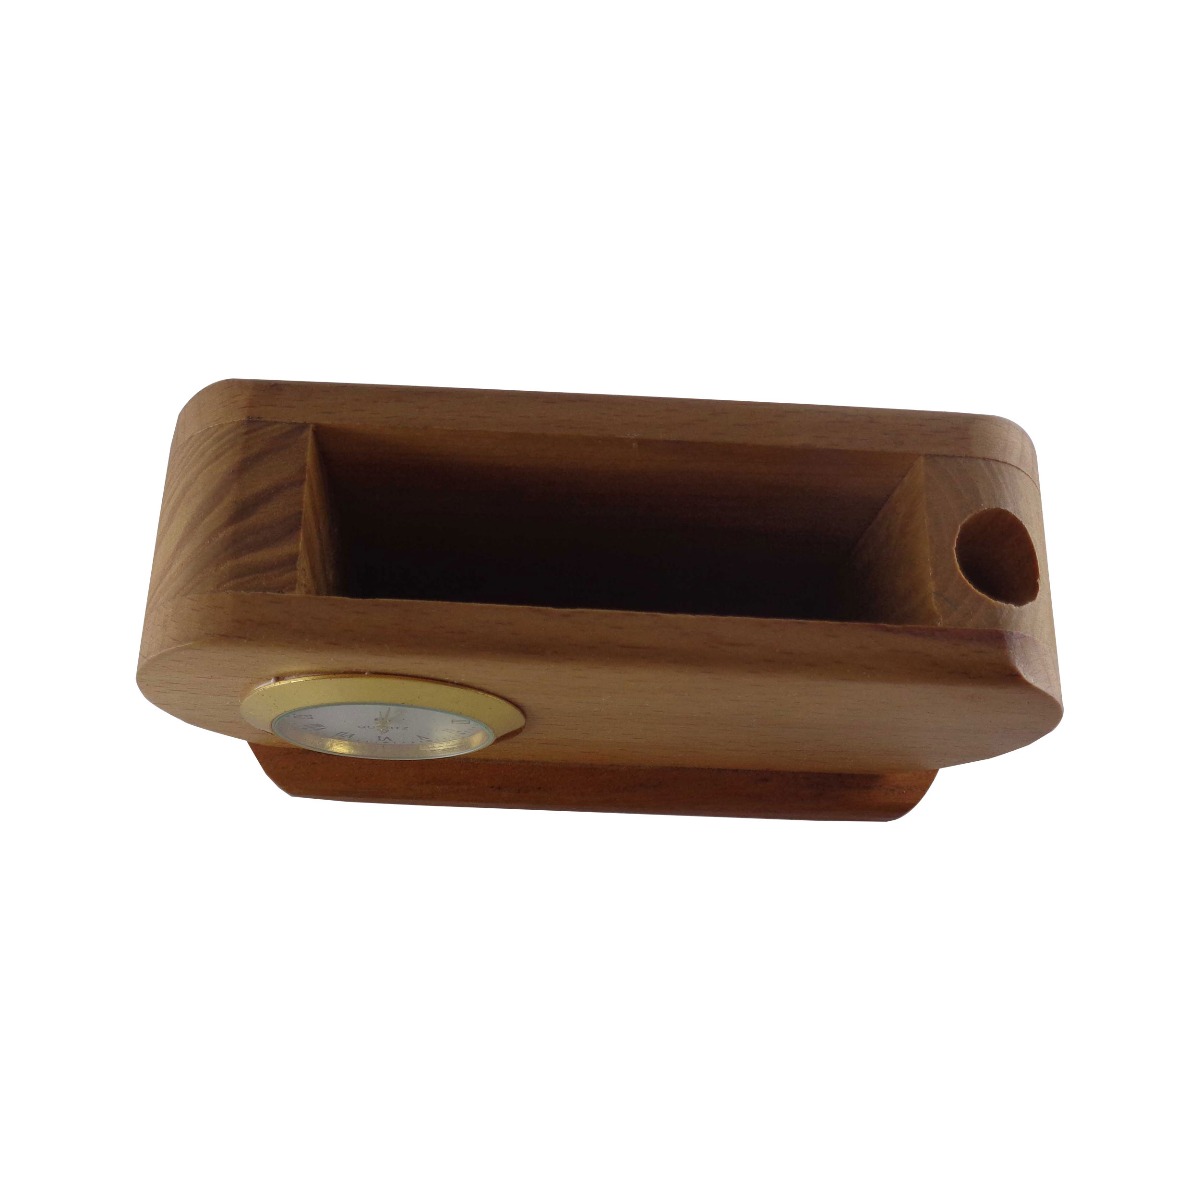 penhouse Model: 13759 Wooden pen stand with clock and card holder
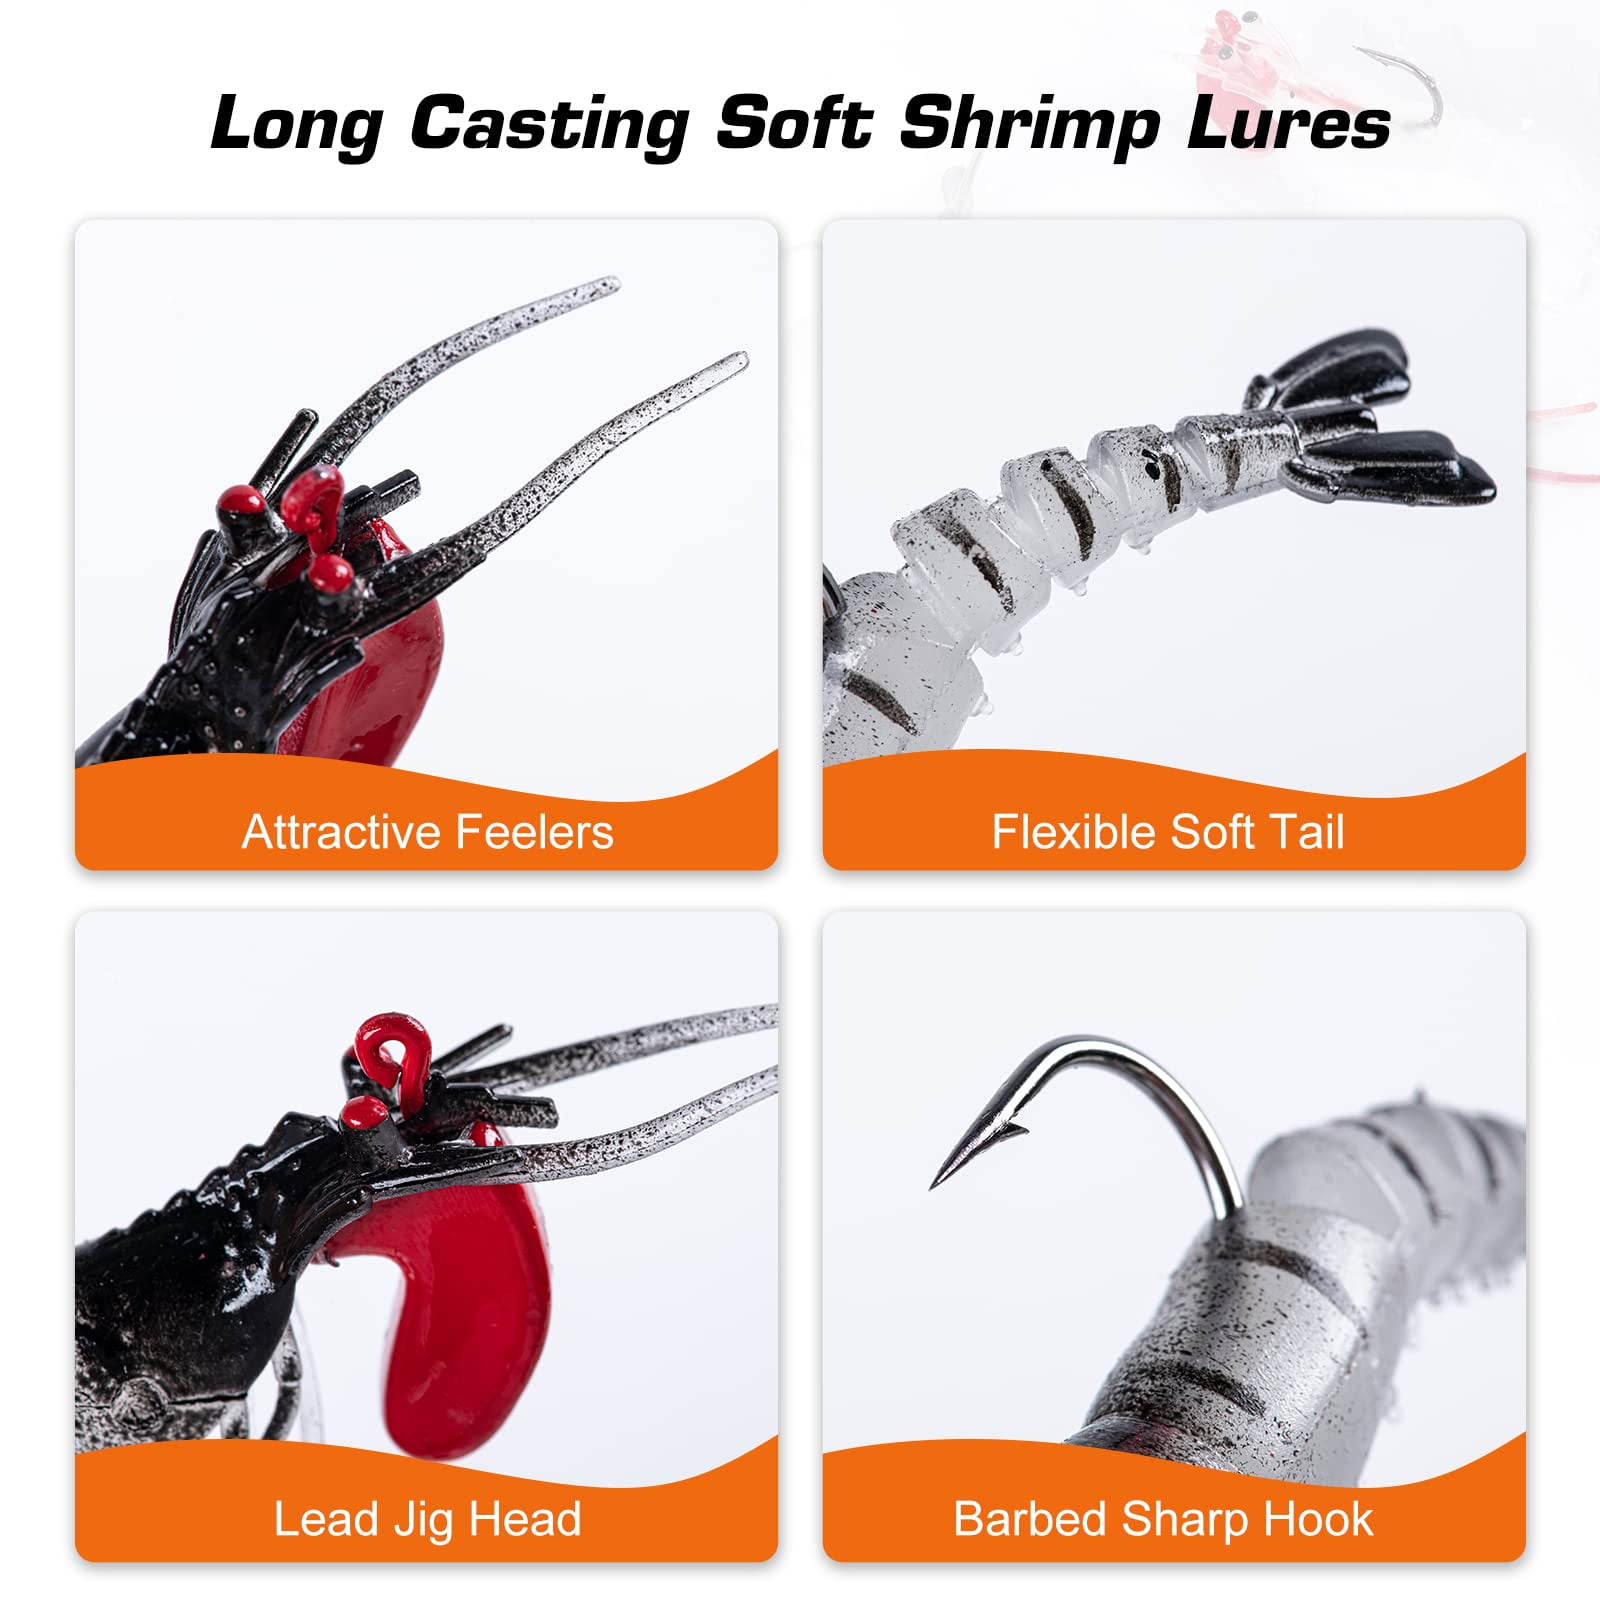 Goture Soft Shrimp Lures Fishing Popular Bait for Freshwater Fish and Bass  
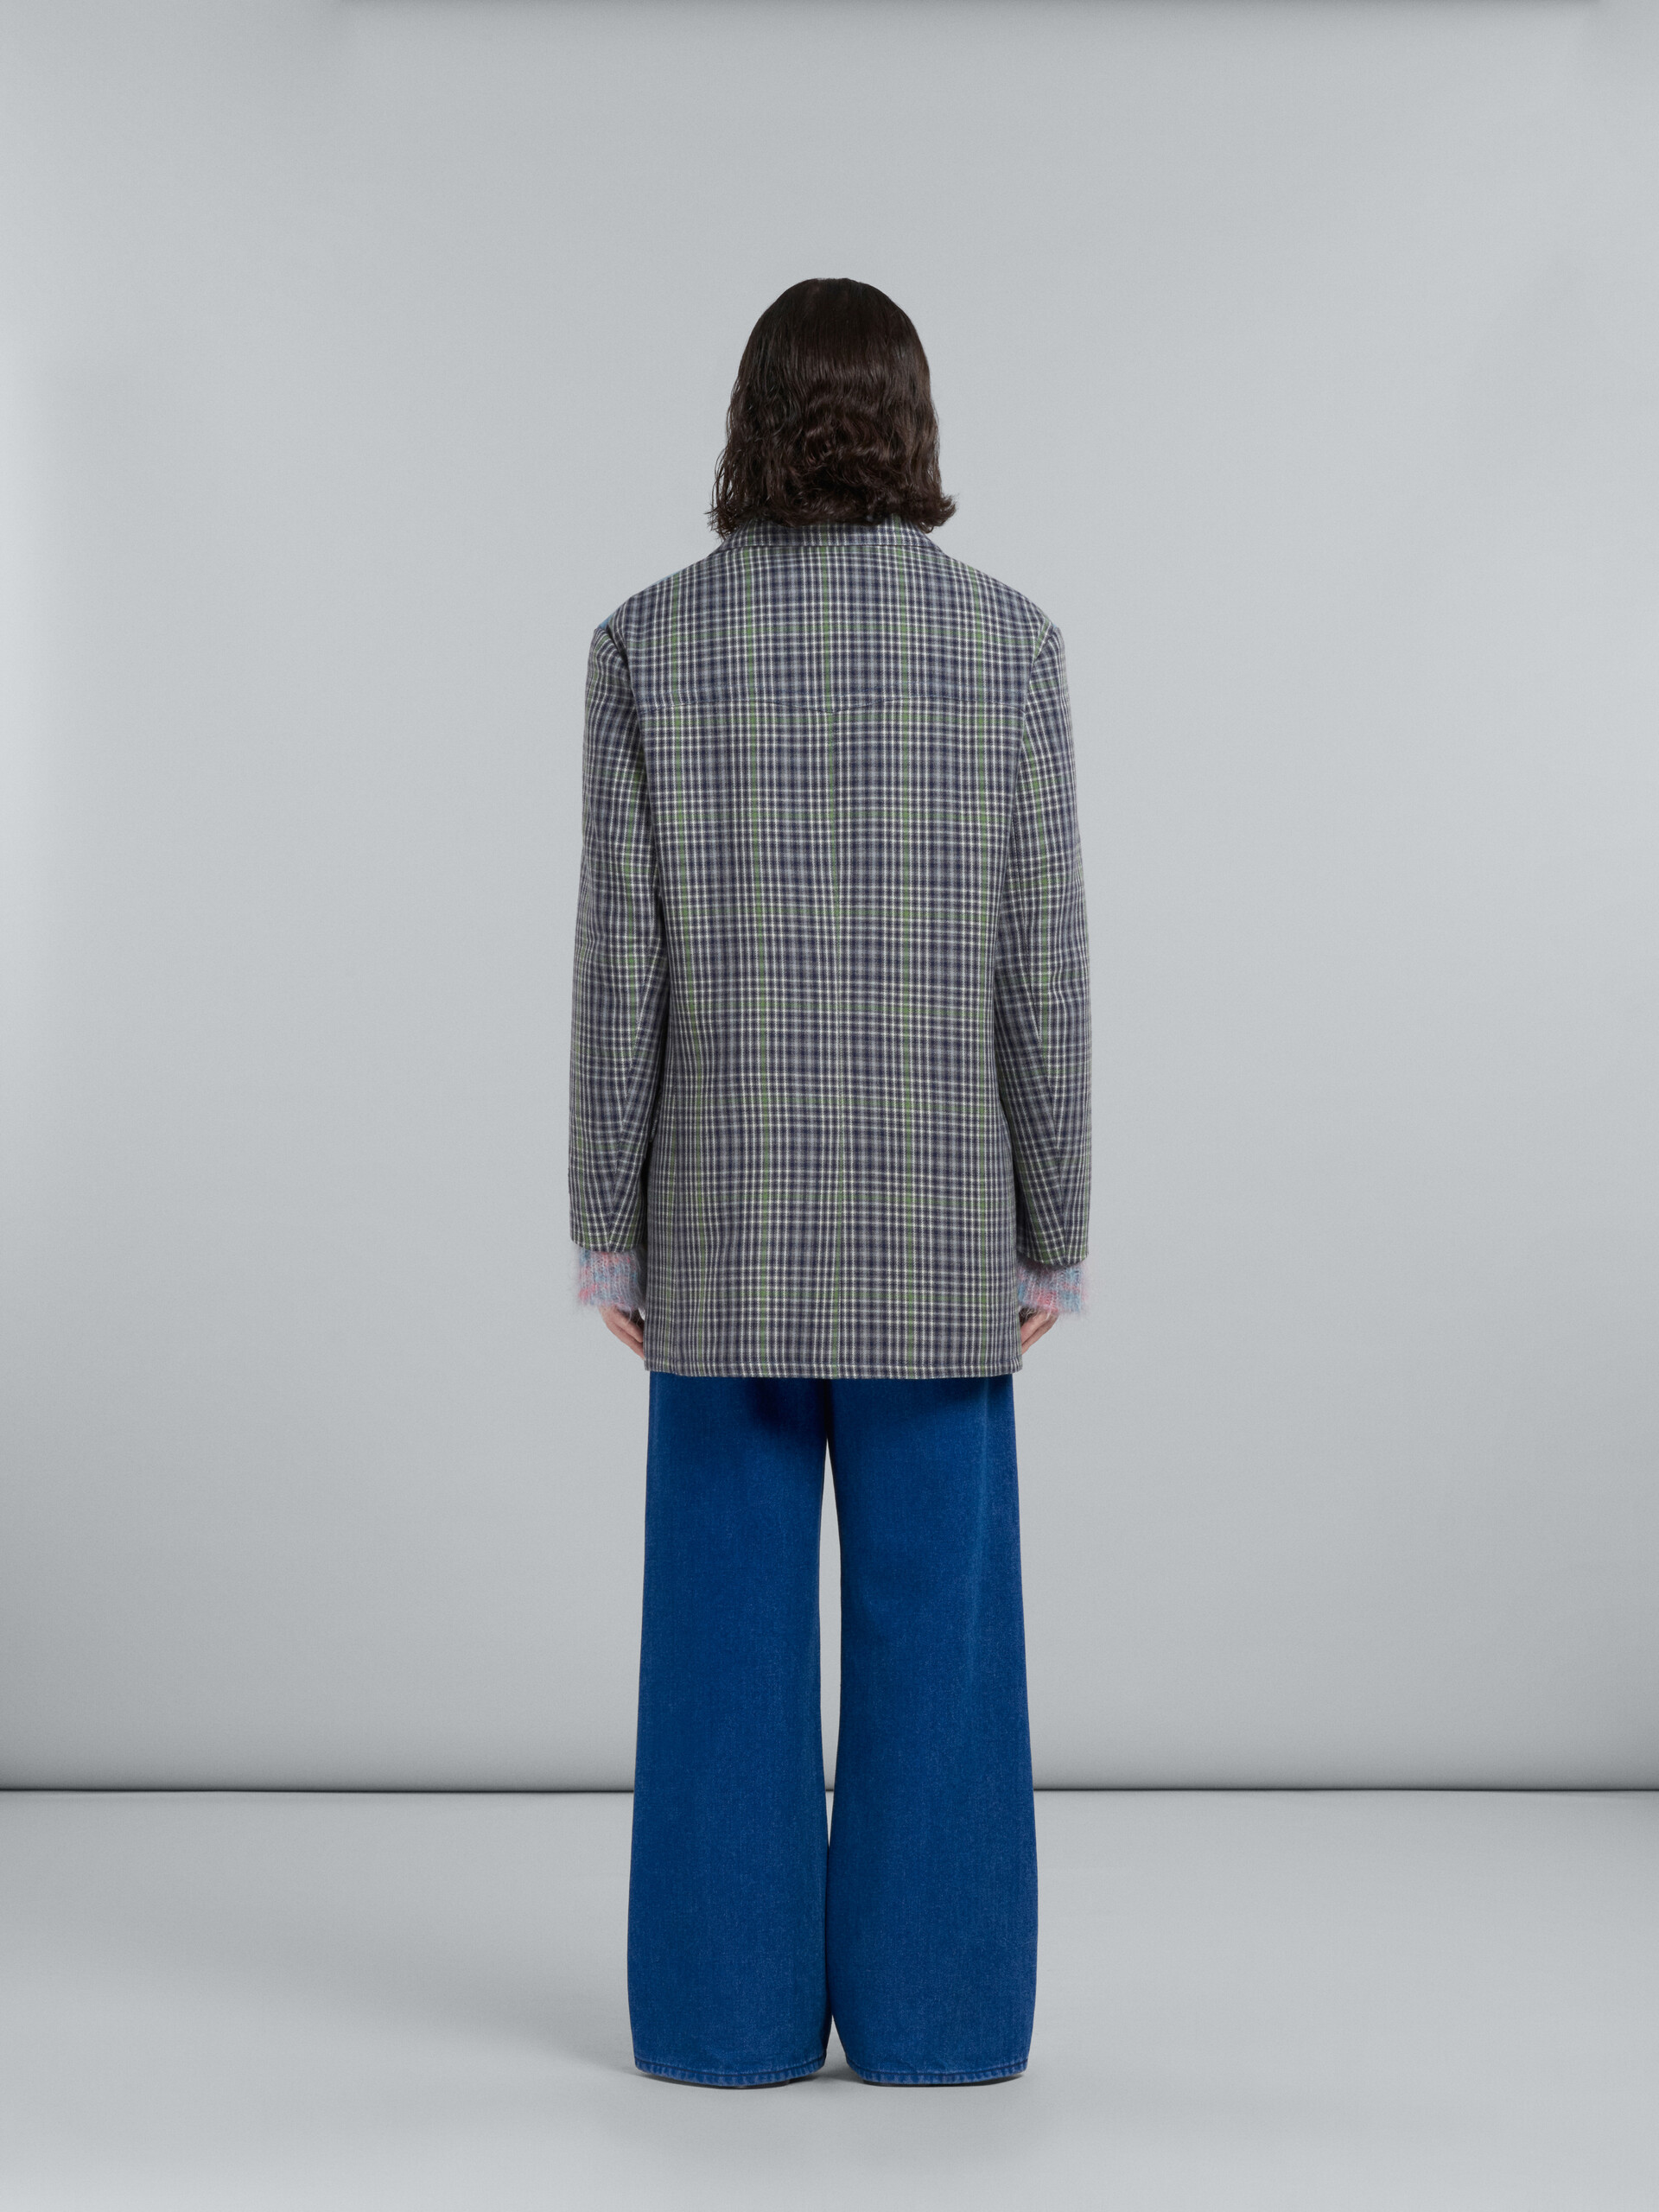 Double-breasted coat in grey chequered wool - Coat - Image 3

> **Exercise brief**
Write out the material above precisely, leaving each picture behind.

> **Output for this task**
 penhouse Model: 13759 Wooden pen stand with clock and card holder
 Goture Soft Shrimp Lures Fishing Popular Bait for Freshwater Fish and Bass  
 Double-breasted coat in grey chequered wool - Coat - Image 3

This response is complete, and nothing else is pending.